Rath: I have to say, from the clips of that, that I've seen of it, it's magical. I've just never seen anything done like this with dance. I can think of musical examples for sure, but to see the communication across the bodies and it's like, well, I guess a musical analogy might be if you're singing the same song in like different national styles, it's wonderful.
Ramaswamy: Yeah, and part of the inspiration is actually the way a DJ takes a song that you might be familiar with, and then they might remix it in a way that's new, but uses the same original song. So you can take that and change it and still keep its core message. So that's another inspiration.
Rath: So tell us about merging these two. So the story of what you're conveying with "Let the Crows Come" and the dance. I'm giving you a hard job because talking about dancing in a non-visual medium is tough.
Ramaswamy: That is a good question though, because in my work it's very textual, so there's always poetry. I was an English literature major in college and very interested in literary influences and how they infiltrate and influence the body and how you can communicate, because dance is, some might say, the original form of communication: movement.
So you can take these texts that have words and then try to hopefully translate that through the body. So the solo that I created has a few different overlapping texts. One of them is a poem from the ancient Tamil Sangam-era of poetry. This is thousands of years old South Indian poetry that is actually very contemporary to this day. It's a form of poetry where the landscapes around us influence the emotions and how we feel. So it's really Earth-centered. Then I have used another ancient text that is astrological. This text that uses the flight patterns of crows to tell the future. There is two Sangam poems. So I've interwoven those texts to create the infrastructure of the dance, that's how I came up with the movements. Then that again is translated through the bodies of the others and also through the music.

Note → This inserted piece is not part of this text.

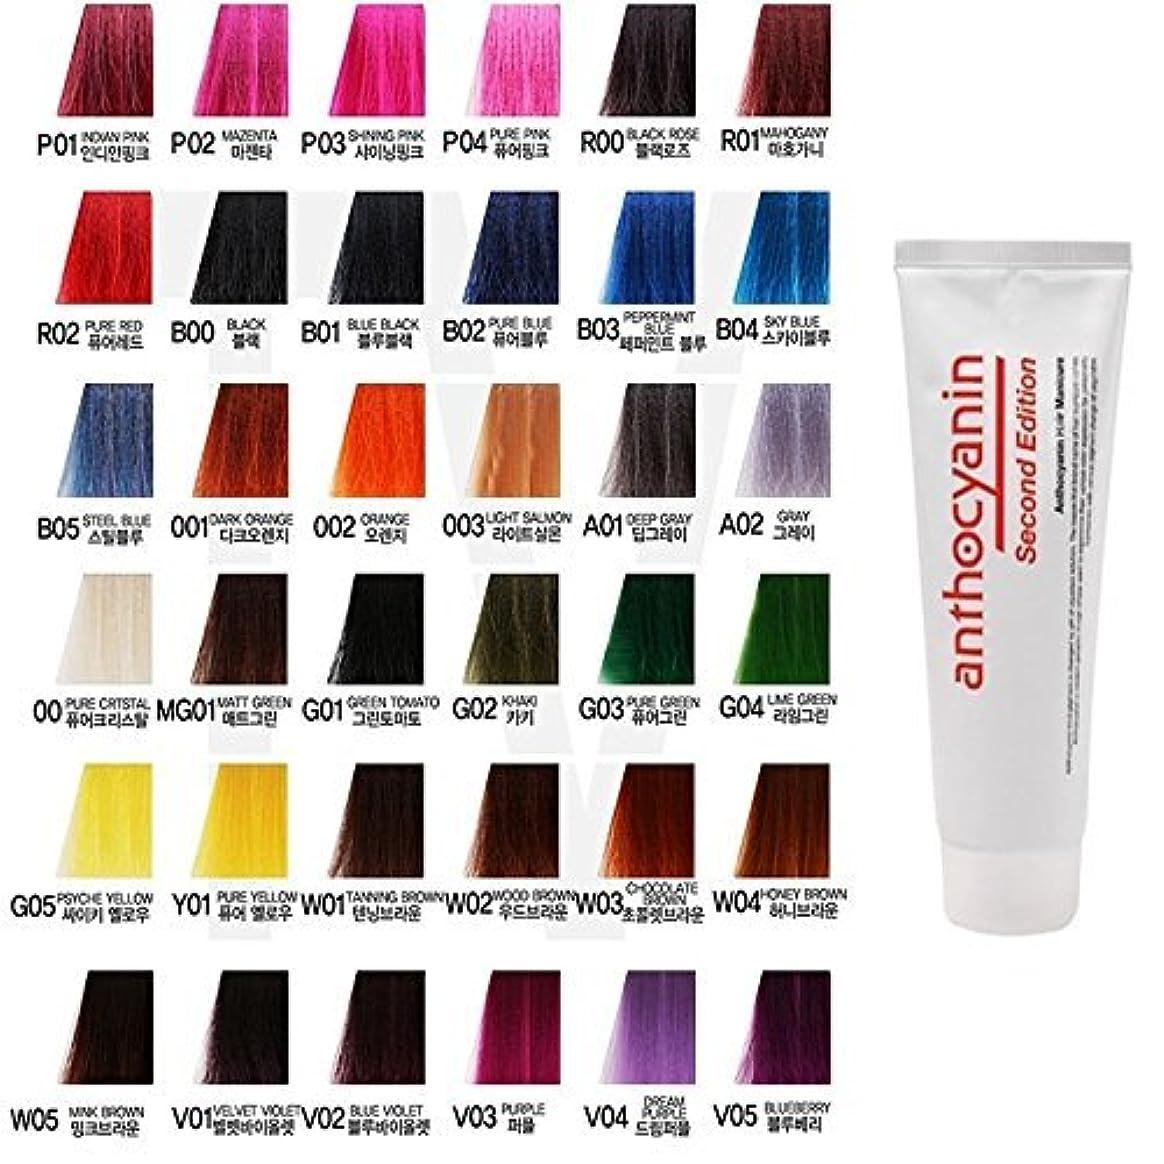 媒染剤指太陽ヘア マニキュア カラー セカンド エディション 230g セミ パーマネント 染毛剤 ( Hair Manicure Color Second Edition 230g Semi Permanent Hair Dye) [並行輸入品] (O02 Orange)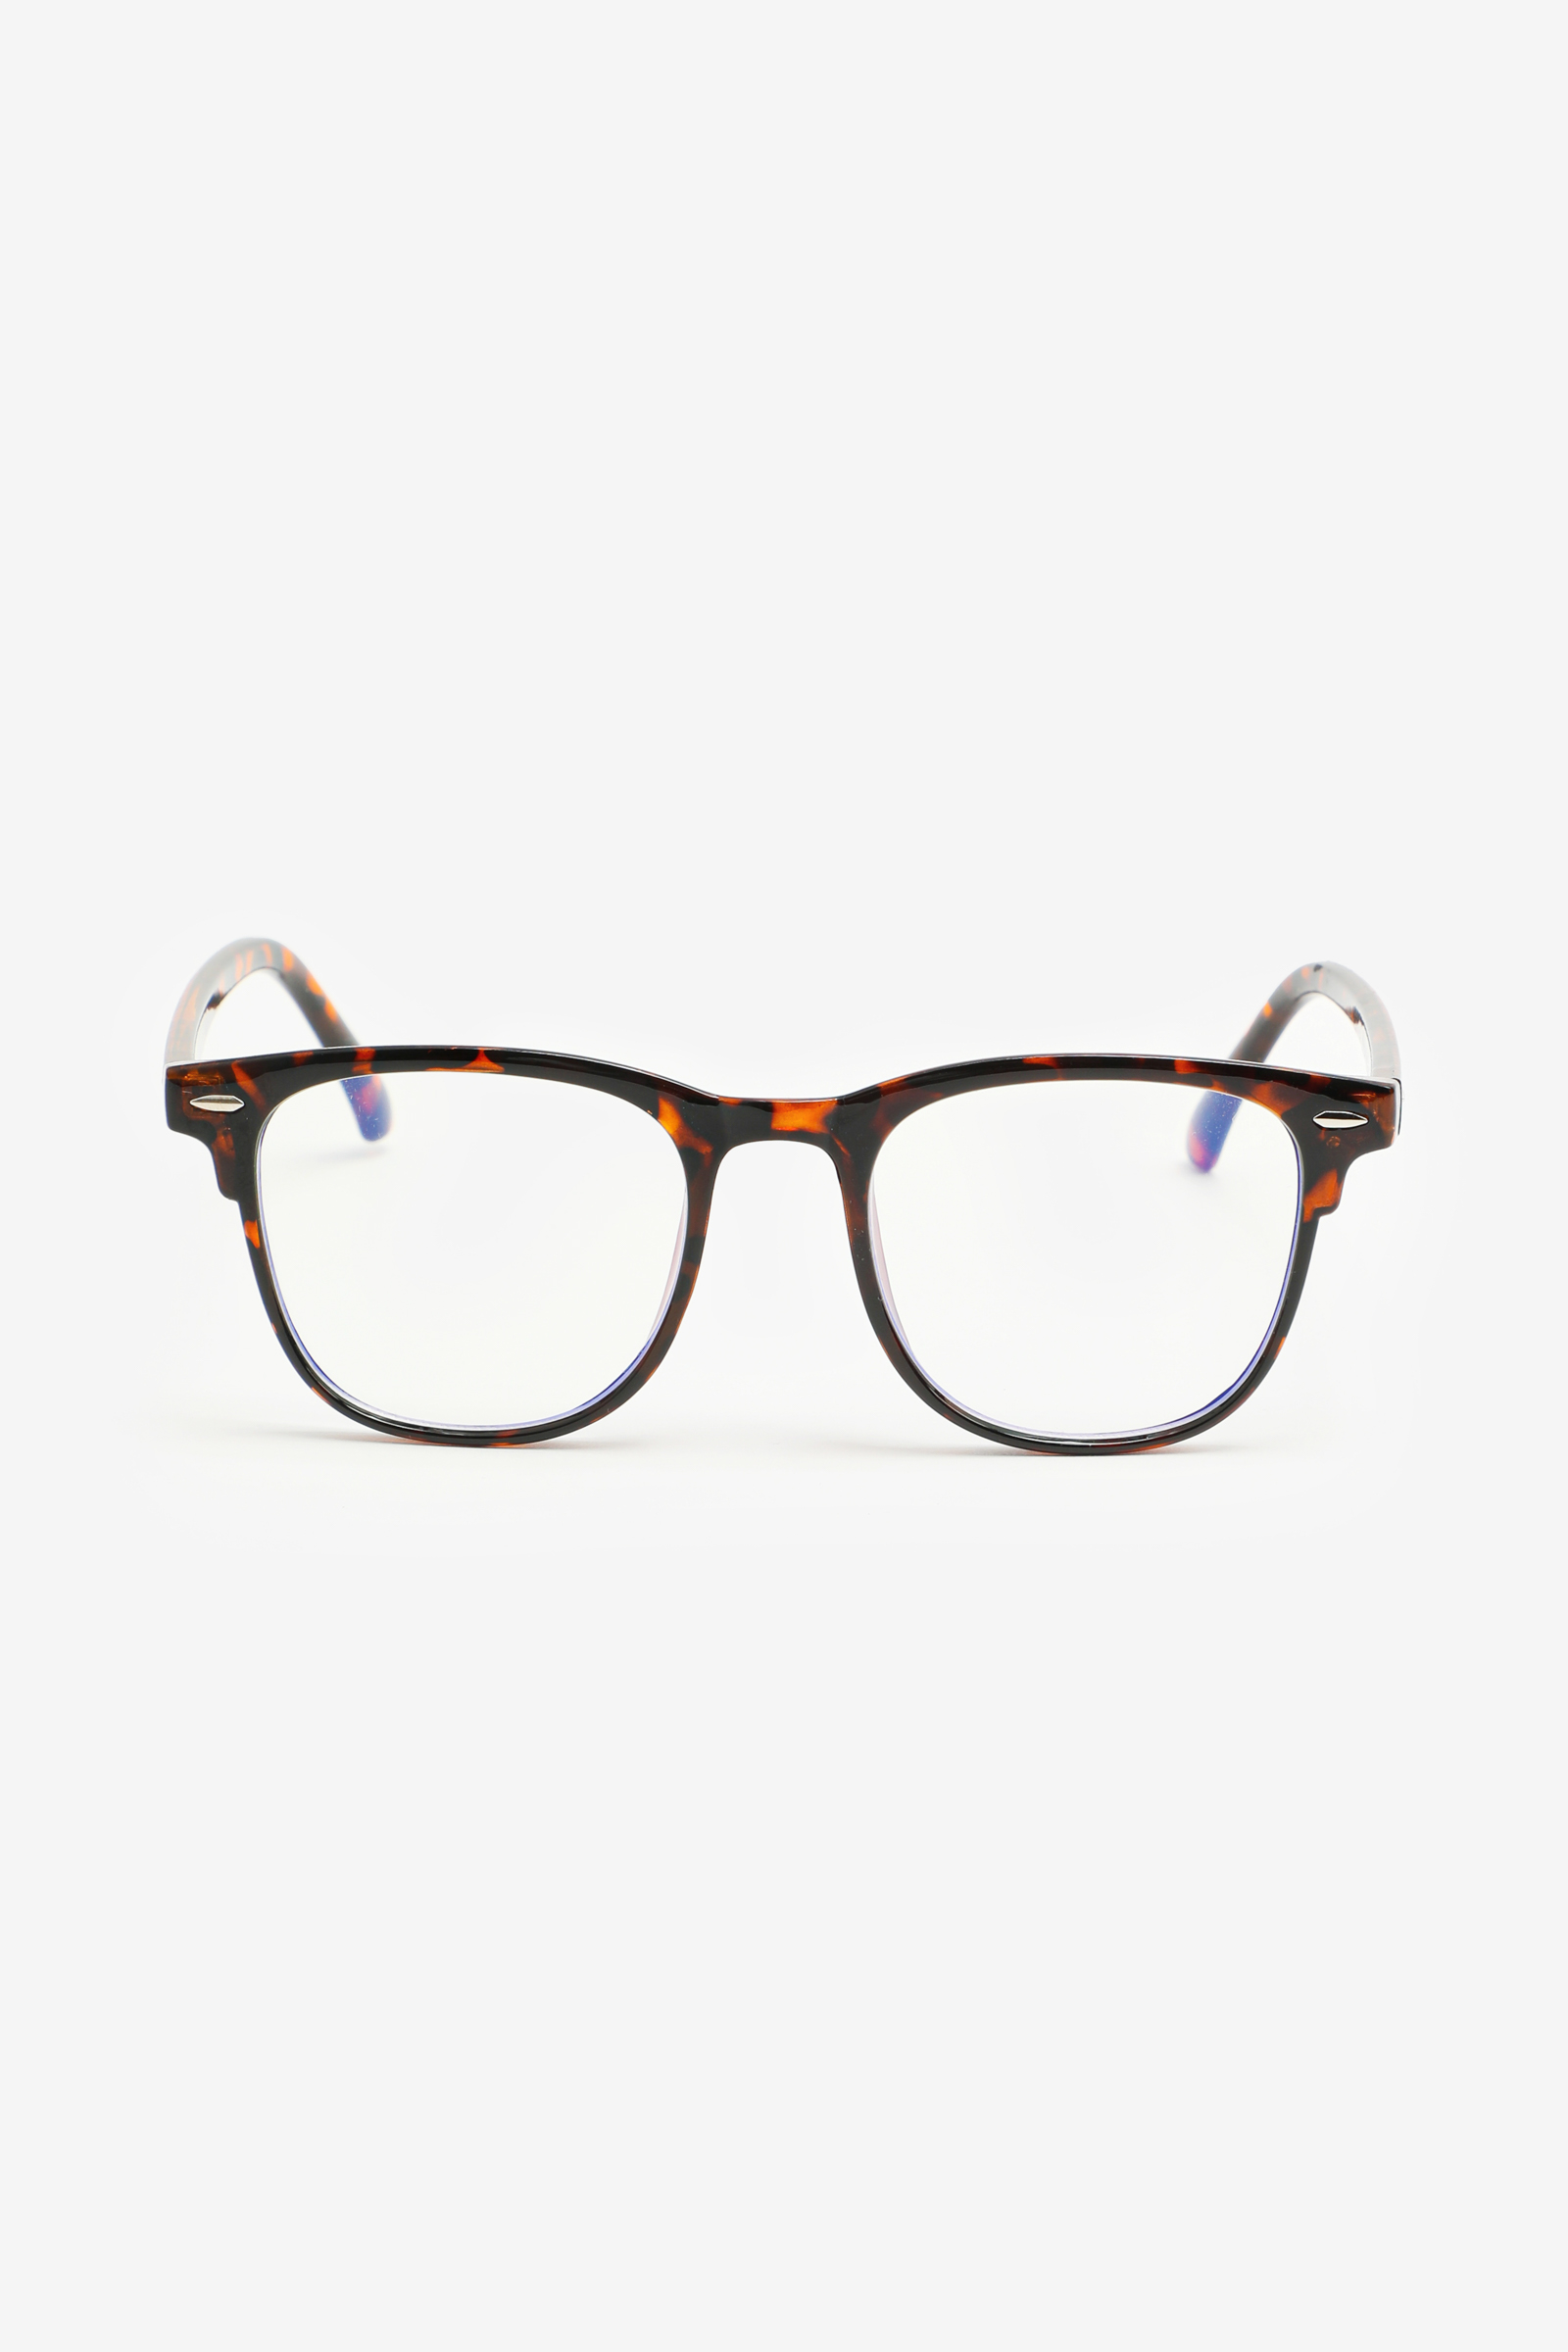 Blue Light Tortoiseshell Glasses

Rath: Well, let me say personally, thank you so much for bringing this to Boston. I can't wait to see it and take my family. It's been great talking with you. Thank you so much.
Ramaswamy: Thank you so much, Arun.
The Boston premiere of " Let the Crows Come" is this Friday, Jan. 19 at 8 p.m. presented by the Celebrity Series of Boston at NEC's Plimpton Shattuck Black Box Theatre. There's also a matinee show at 2 p.m. on Saturday, which is followed by a Q&A with the artist.